It wasn’t like me to go so long without talking with my parents in Oklahoma, but since the dreaded election, it had felt increasingly difficult to pick up the phone. My last communication with them had been weeks earlier, when I had learned how they intended to vote and had expressed my concerns, including my general disgust with humanity at the moment. It was a very civil discussion we had; and somehow, that civility of it didn’t feel quite right. I had wanted — maybe even needed — to express so much more, but didn’t exactly know how.

These were my parents, after all, and while I loved them, I had chosen more than 10 years ago to depart the world they still inhabit — to embrace a worldview that, to me, felt more open, inclusive and loving than the largely republican, fundamentalist Christian values with which I had been raised. In that time, my values had shifted quite a lot — away from the more rigid tendencies of my parents’ faith and much closer, in my opinion, to what I now believe Jesus’s message truly to have been — quite simply, to love thy neighbor. But in many ways, the gorge between my parents and me had, for many years now, felt too broad to bridge.

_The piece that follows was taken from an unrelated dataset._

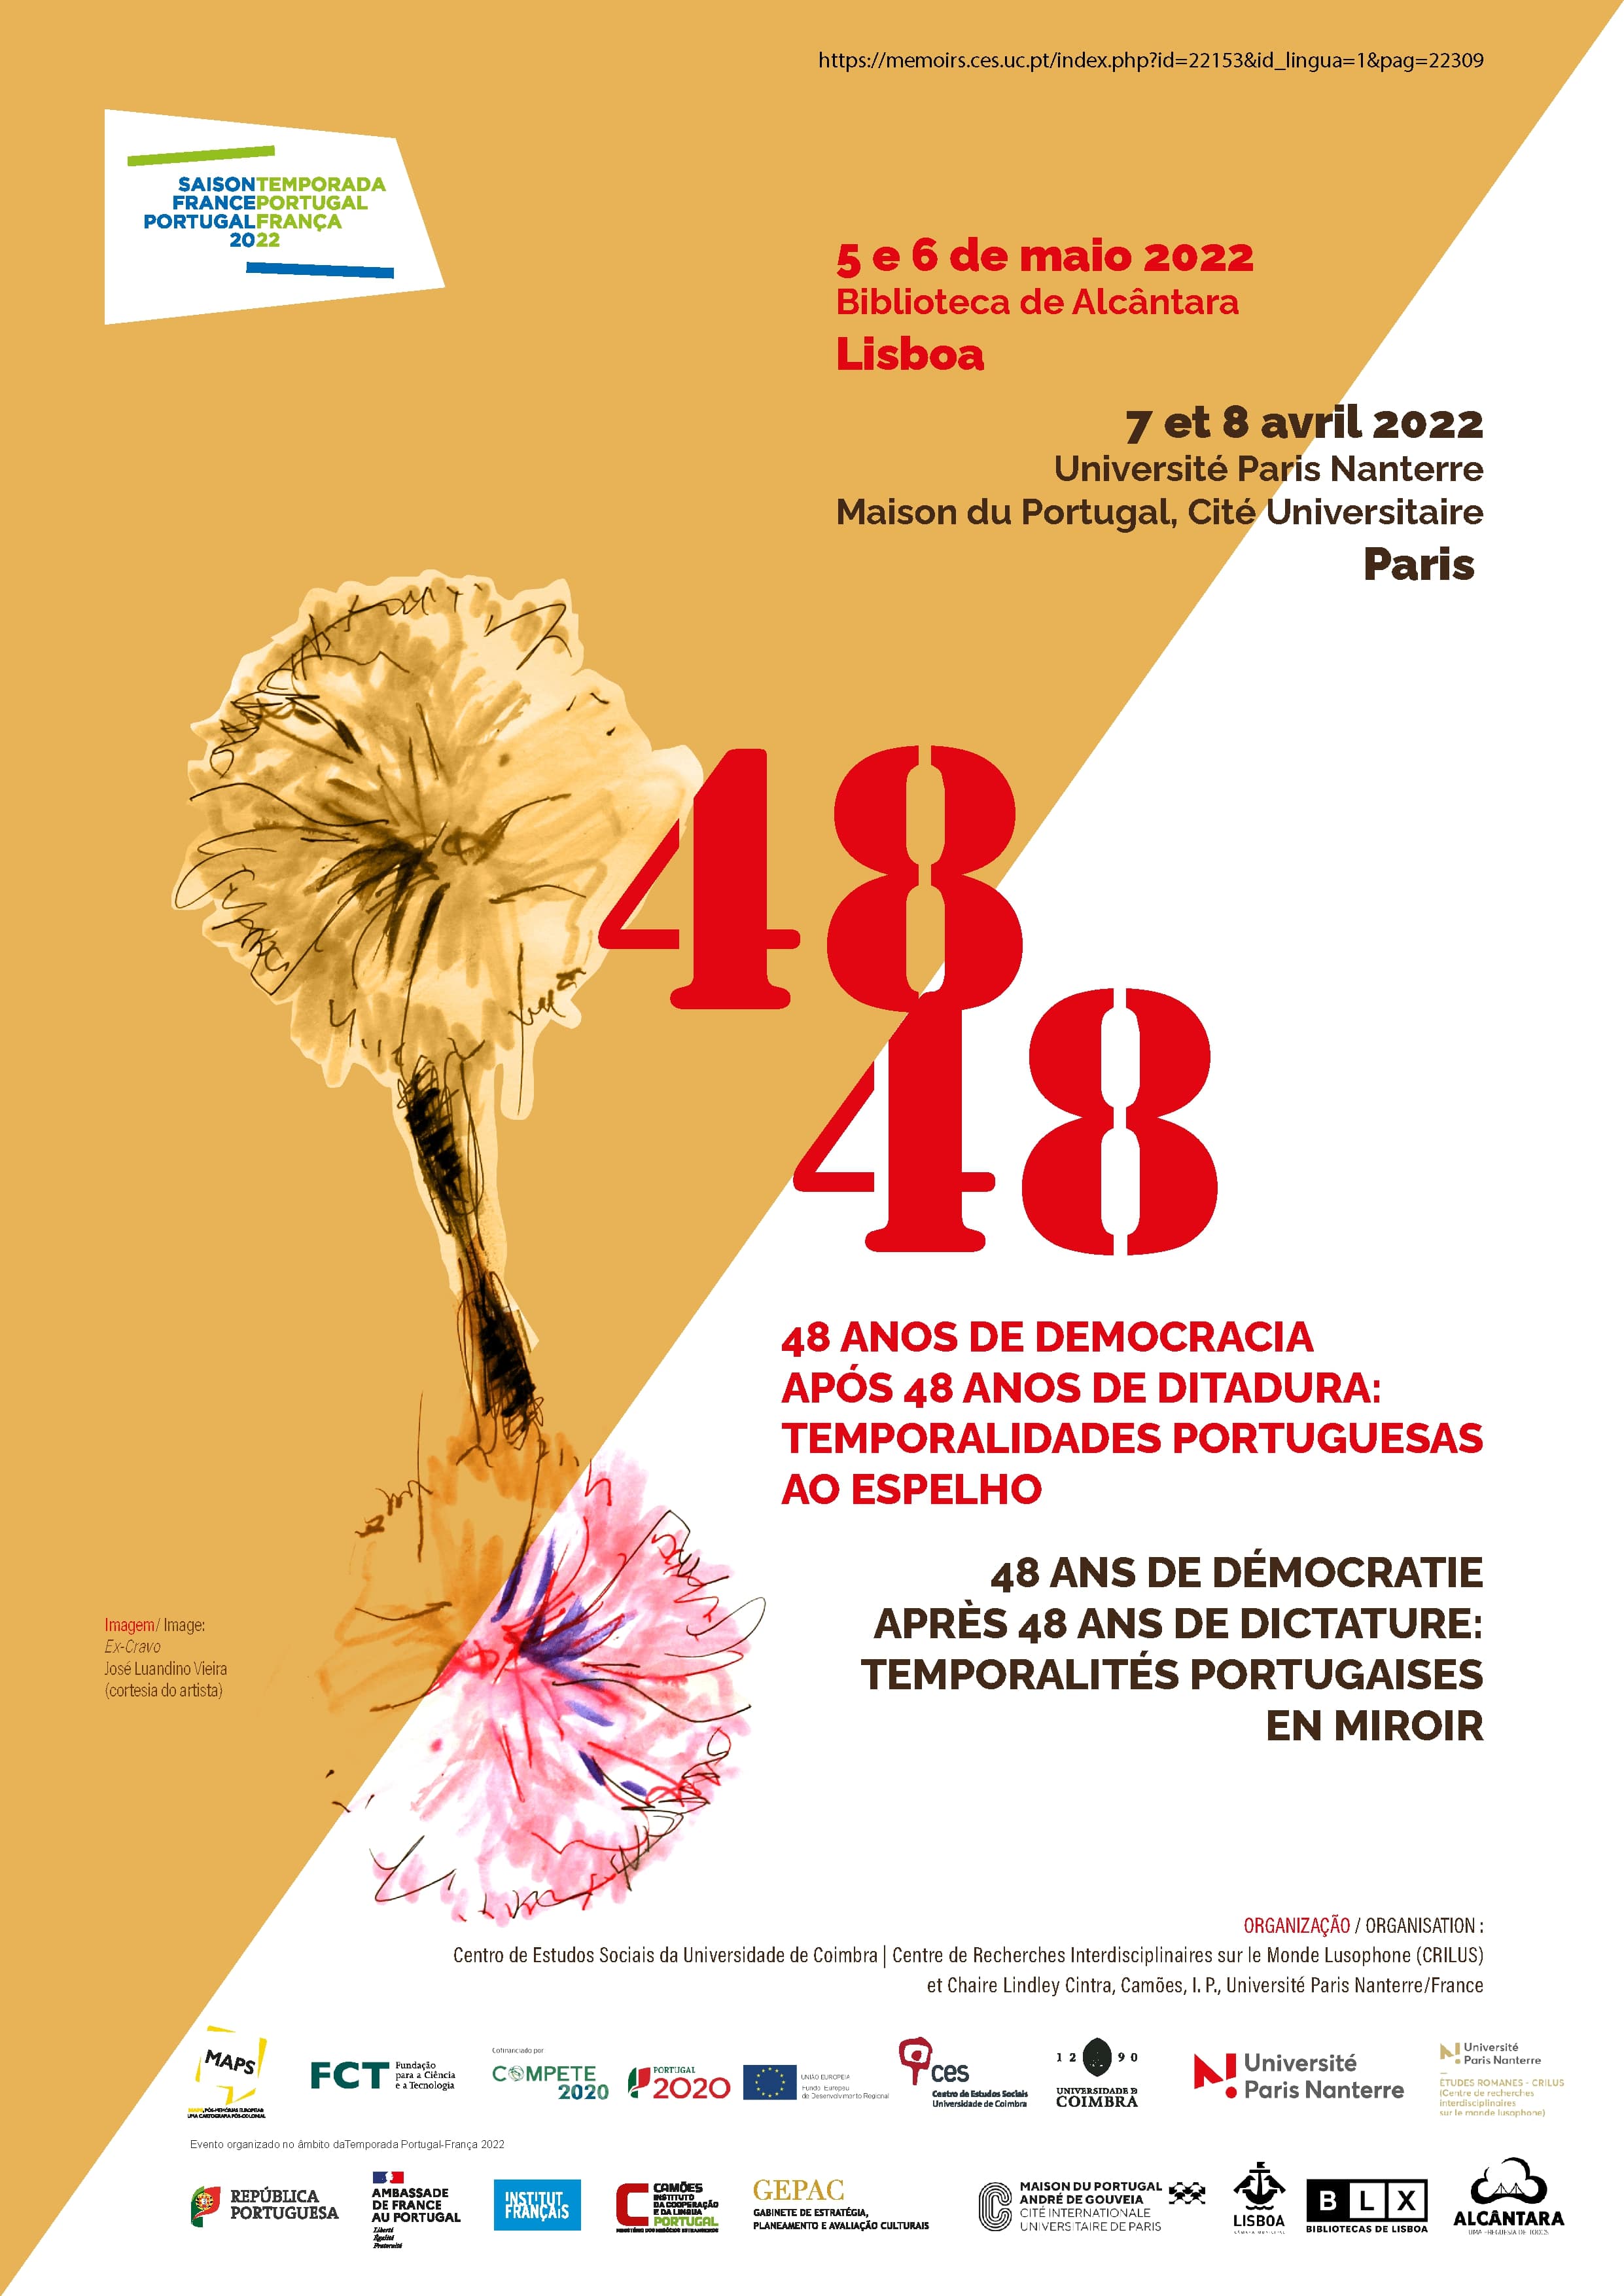 48 X 48, a contemporary European past | Portuguese Temporalities in the mirror: 48 years of democracy, 48 years of dictatorship<span id="edit_37916"><script>$(function() { $('#edit_37916').load( "/myces/user/editobj.php?tipo=evento&id=37916" ); });</script></span>

On one hand, I knew intuitively that I couldn’t collapse my own parents — of all people — in any way that made them worthy of the contemptuous name-calling insults that had been circulating recently; and on the other hand, I felt outraged, disappointed, and increasingly uncomfortable and unsure about how to engage with them. And again came the familiar feeling of that broad, bridgeless chasm — especially now, when so much had been at stake in this passionate and painful election.

Then, one day in December, just a few days before the winter holiday, my phone rang. It was my dad. “Hey! We want to give some money to your fundraiser!” my father said, as though no time or awkwardness at all had passed since our last conversation.

He was referring to the fundraiser for The Relational Center — where I’ve worked for two years as a therapy intern, not only developing deep emotional bonds with other community members but also actively collaborating with them in efforts toward social change. And in his voice — a voice to which I, as his daughter, was especially sensitized — I heard and felt as much care and love and enthusiasm as I ever had. After weeks of silence and wondering, I now heard all I had been aching to hear — that we were okay, that he and my mom still loved me, and that they even valued the work that I was doing. And their gift was very generous, indeed — the largest of all the donations I collected.

I was relieved, so grateful and incredibly moved — and, if I’m honest, a little confused too. I mean, the way I saw it, my work at TRC seemed diametrically opposed to much of what the new president represented. Without unfairly collapsing them, how could I make sense of this? How could they possibly support him and me too? How could both be true?

Curious for some clarity, I called them up a few weeks later. In addition to our usual check-in, I wanted to know what, if anything other than the fact that I was their daughter, had motivated them to give. After all, I had written quite a lot about my values and TRC’s values in the fundraising pitch I’d mass-emailed to family and friends. I wanted to know if there was anything specific about the work I was doing that had spoken to them.

My mom seemed confused by my question. I heard her turn away from the phone for a moment to double-check with my dad, who was apparently sitting nearby. “No, nothing specific,” came her response, “– just that you’re our daughter and we wanted to support you.”

I realized then that I had already known this would be her answer. And though my mind wanted to persist in stubborn confusion over all the apparent contradictions, my heart finally understood something that had, until now, perhaps felt like too beautiful and too painful a responsibility — that relationship is what moves people into action. Relationship is what moved my parents into action. Not my clever arguments. Not strategic campaigning. Not winning. Not being right. Not convincing them that they were wrong and should change. Not insulting them or name-calling. Not incentivizing or threatening. Not anything, but relationship. Deeply bonded, empathic relationship. My parents followed me into taking action — an action which in many ways stands in contradiction to how they voted in the election — for no other reason but this: Relationship fuels social change.

And then something else hit me hard — in all the recent talk of “building bridges, not walls”, I now understood these bridges to be more than merely metaphorical. I now understood, in fact, that I was the bridge. And in that moment on the phone with my mother, fully aware of the ideological distance between us, like a bridge, I could feel myself stretching — viscerally in body, mind and heart — becoming a new and uniquely embodied structure, spanning the gorge between my childhood roots and family origins in Oklahoma, and the fresher, more fertile ground of my chosen values and adult life here in California. And with that stretching came tears — of pain, of growth, of awareness, of responsibility to and for all my relationships, and of humbling gratitude for the gift of finally seeing it all so clearly.

*Angela Doss, MA, MFTi, is a Counselor-in-Residence at The Relational Center’s Community Project and a member of our Development Team.